Generating baseStockCapacity...
Model has been successfully generated
ipp_basic_tech: 4 row(s) and 0 column(s) removed
ipp_reduce_bnds: 1 pass(es) made, 0 bound(s) reduced
ipp_basic_tech: 0 row(s) and 0 column(s) removed
ipp_reduce_coef: 1 pass(es) made, 0 coefficient(s) reduced
glp_intopt: presolved MIP has 51 rows, 39 columns, 120 non-zeros
glp_intopt: 9 integer columns, all of which are binary
Scaling...
A: min|aij| = 1.000e+000 max|aij| = 1.000e+000 ratio = 1.000e+000
Problem data seem to be well scaled
Crashing...
Size of triangular part = 51
Solving LP relaxation...
0: obj = 0.000000000e+000 infeas = 1.400e+001 (0)
* 25: obj = 1.000000000e+000 infeas = 0.000e+000 (0)
* 30: obj = 1.000000000e+000 infeas = 0.000e+000 (0)
OPTIMAL SOLUTION FOUND
Integer optimization begins...
Gomory's cuts enabled
MIR cuts enabled
Cover cuts enabled
Clique cuts enabled
Creating the conflict graph...
The conflict graph has 2*9 vertices and 18 edges
+ 30: mip = not found yet >= -inf (1; 0)
+ 105: >>>>> 2.000000000e+000 >= 1.333333333e+000 33.3% (4; 0)
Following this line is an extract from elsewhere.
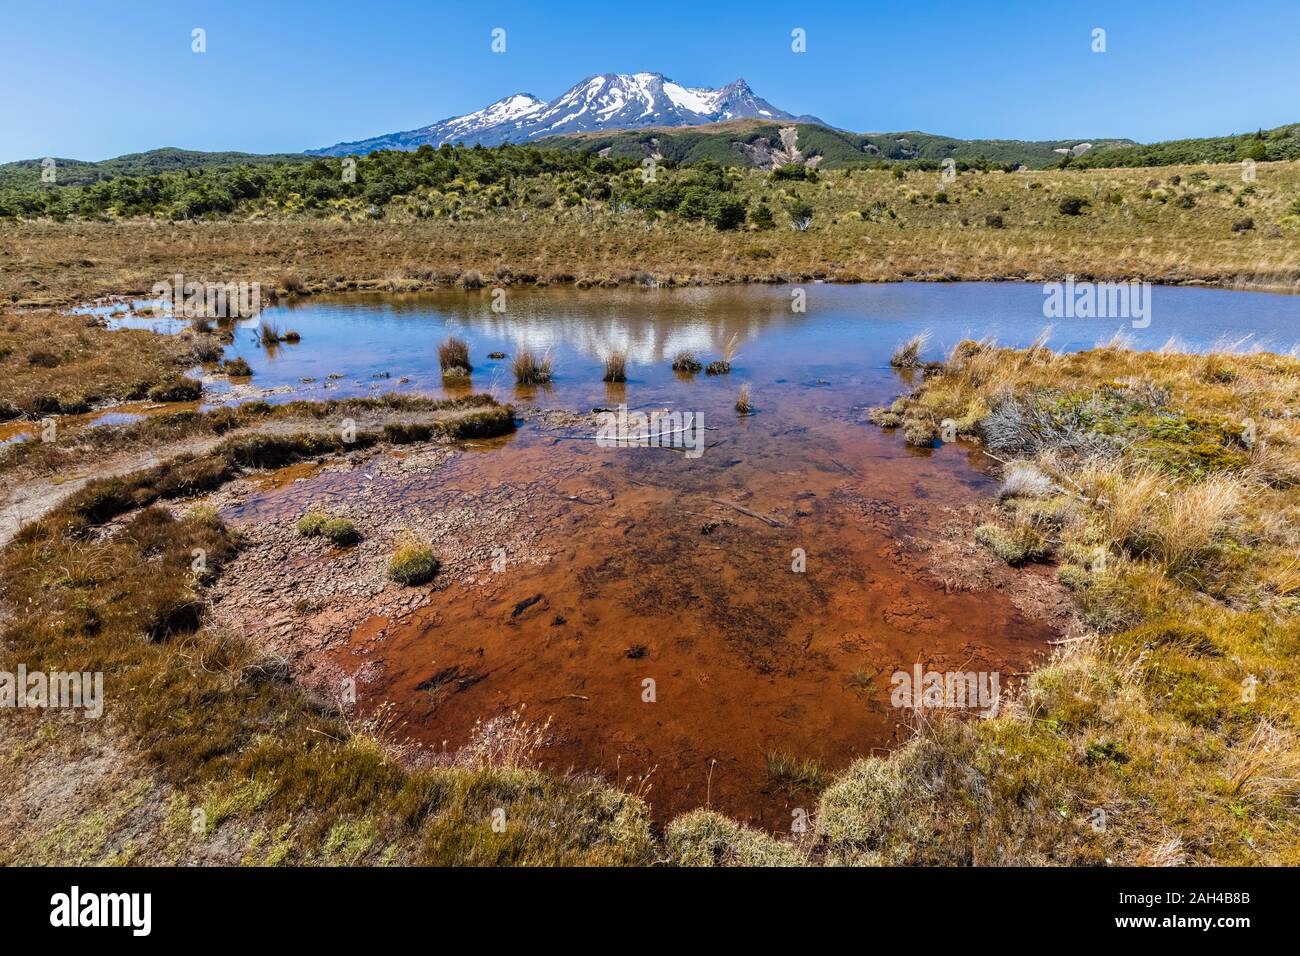 Nueva Zelanda, el norte de la isla, pequeño lago, en el norte de la isla con el Monte Ruapehu meseta volcánica inminente en la distancia Foto de stock

+ 120: mip = 2.000000000e+000 >= tree is empty 0.0% (0; 7)
INTEGER OPTIMAL SOLUTION FOUND
Time used: 0.0 secs
Memory used: 0.2 Mb (239814 bytes)
Display statement at line 29
x[job1,batch1] = 1
x[job1,batch2] = 0
x[job1,batch3] = 0
x[job2,batch1] = 0
x[job2,batch2] = 1
x[job2,batch3] = 0
x[job3,batch1] = 0
x[job3,batch2] = 1
x[job3,batch3] = 0
Model has been successfully processed
These post illustrate that good modeling is difficult. It requires paying attention to details as well as keeping an eye on the model as a whole. In that sense it is often more difficult than programming where often once break down difficult tasks into more manageable pieces.